Yeah that's still not really clear to me, so if you can do something that is
more obvious that would be good.

> >> @@ -272,6 +275,61 @@ static int init_err_log_buffer(void)
> >>  	return 0;
> >>  }
> >>  
> >> +/* Interface to be used by POWERNV to push the logs to FSP via Sapphire */
> >> +struct opal_errorlog *elog_create(uint8_t err_evt_type, uint16_t component_id,
> >> +		uint8_t subsystem_id, uint8_t event_sev, uint8_t  event_subtype,
> >> +		uint32_t reason_code, uint32_t info0, uint32_t info1,
> >> +		uint32_t info2, uint32_t info3)
> > 
> > 
> > A call to this function is going to be just a giant list of integer values, it
> > will not be easy to see at a glance which value goes in which field.
> > 
> > I think you'd be better off with an elog_alloc() routine, and then you just do
> > the initialisation explicitly so that it's obvious which value goes where:
> > 
> > 	elog->error_events_type = FOO;
> > 	elog->component_id = BAR;
> > 	elog->subsystem_id = ETC;
> > 
> 
> elog_create() will be called by all sub-systems on POWERNV platform to
> log events and errors.
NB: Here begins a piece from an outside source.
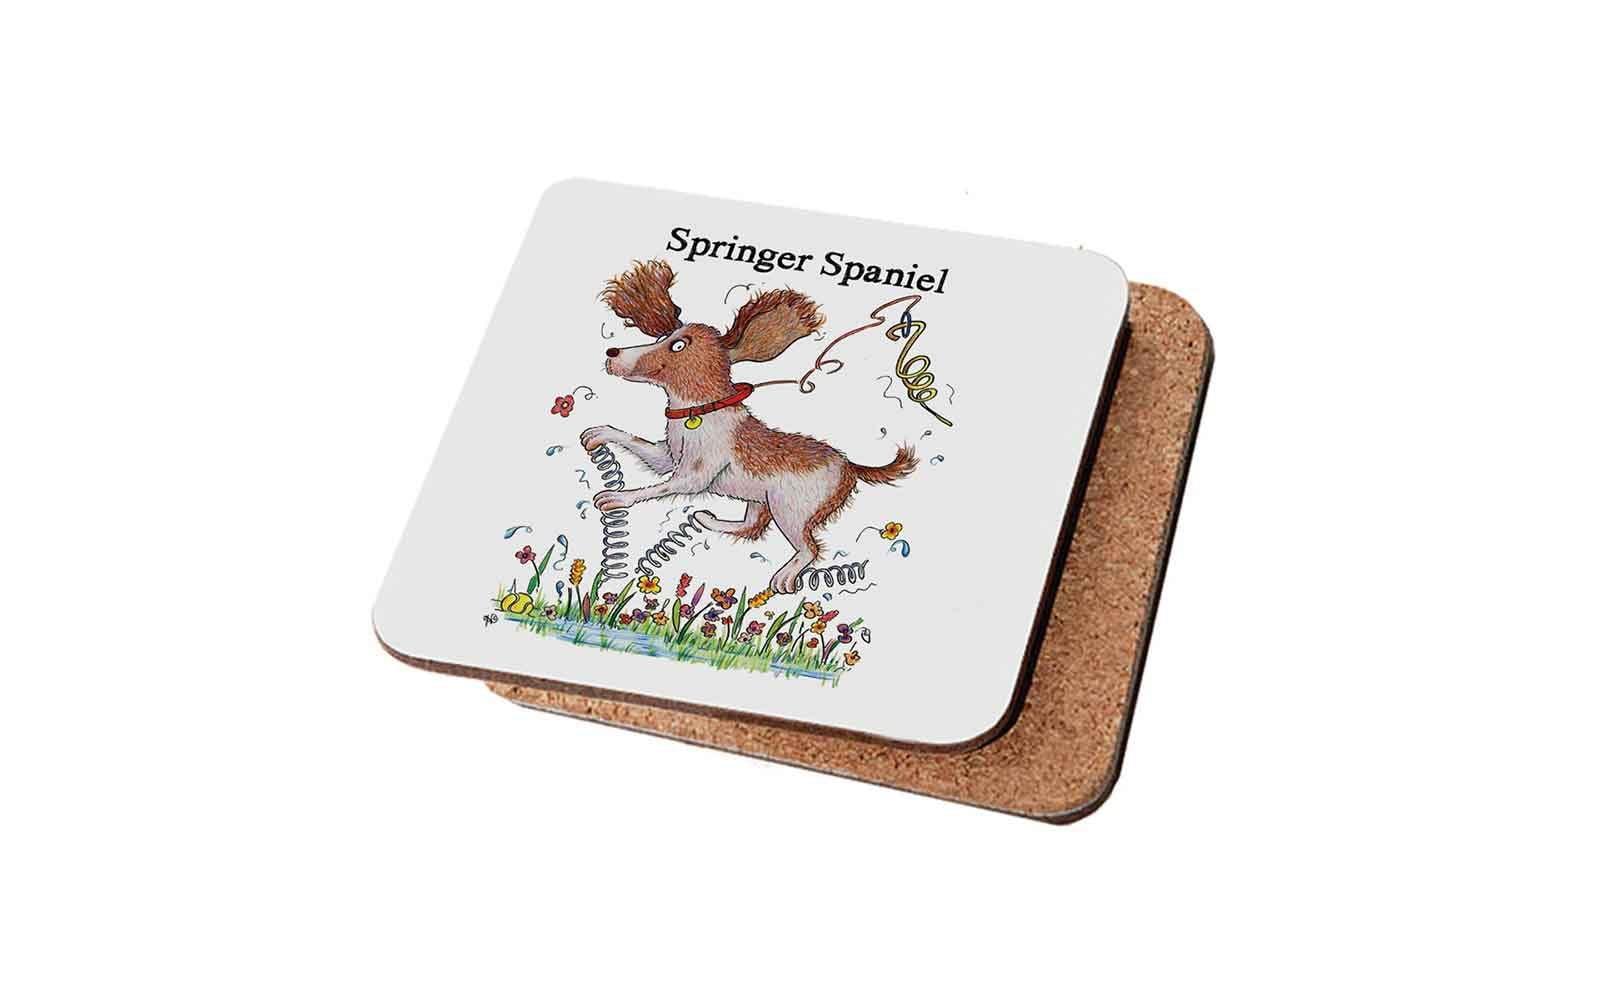 Springer Spaniel Spaniel Coaster

I feel we are better off passing all the required
> arguments to the interface than initialize explicitly.
> This would have a cleaner interface to error logging by
> 1) Removing huge amount of code duplication ( Each and every error/event
> to be reported needs to initialise fields of the opal_errorlog struct
> done many many times on POWERNV, results in redundant code )

It will be more lines of code, but it might be more readable code.

> 2) There are chances of missing out on initialising key fields if
> done by the user. Having an interface mandates the fields that
> needs to populated while logging error/events.

I can always pass 0 :)

We will see how it looks once there are some callers.

> >> +void commit_errorlog_to_fsp(struct opal_errorlog *buf)
> >> +{
> >> +	opal_commit_log_to_fsp((void *)(vmalloc_to_pfn(buf) << PAGE_SHIFT));
> > 
> > Can't fail?
> 
> It is better to have a return here, atleast for the caller to know if
> opal handling of the same is successful or not. I will make the required
> change.
> 
> >> +	kfree(buf);
> > 
> > It's a bit rude to free buf when the caller still has a pointer to it.
> 
> Technically, after the error log has been committed, the user is not
> supposed to re-use or do anything with that buffer. I need to add
> checks in all my routines if(buf != NULL), to handle the case where
> the user by mistake is trying to use the same buffer pointer.

Why is the user not supposed to re-use it?

kfree()'ing the buffer doesn't prevent the caller from re-using it.

cheers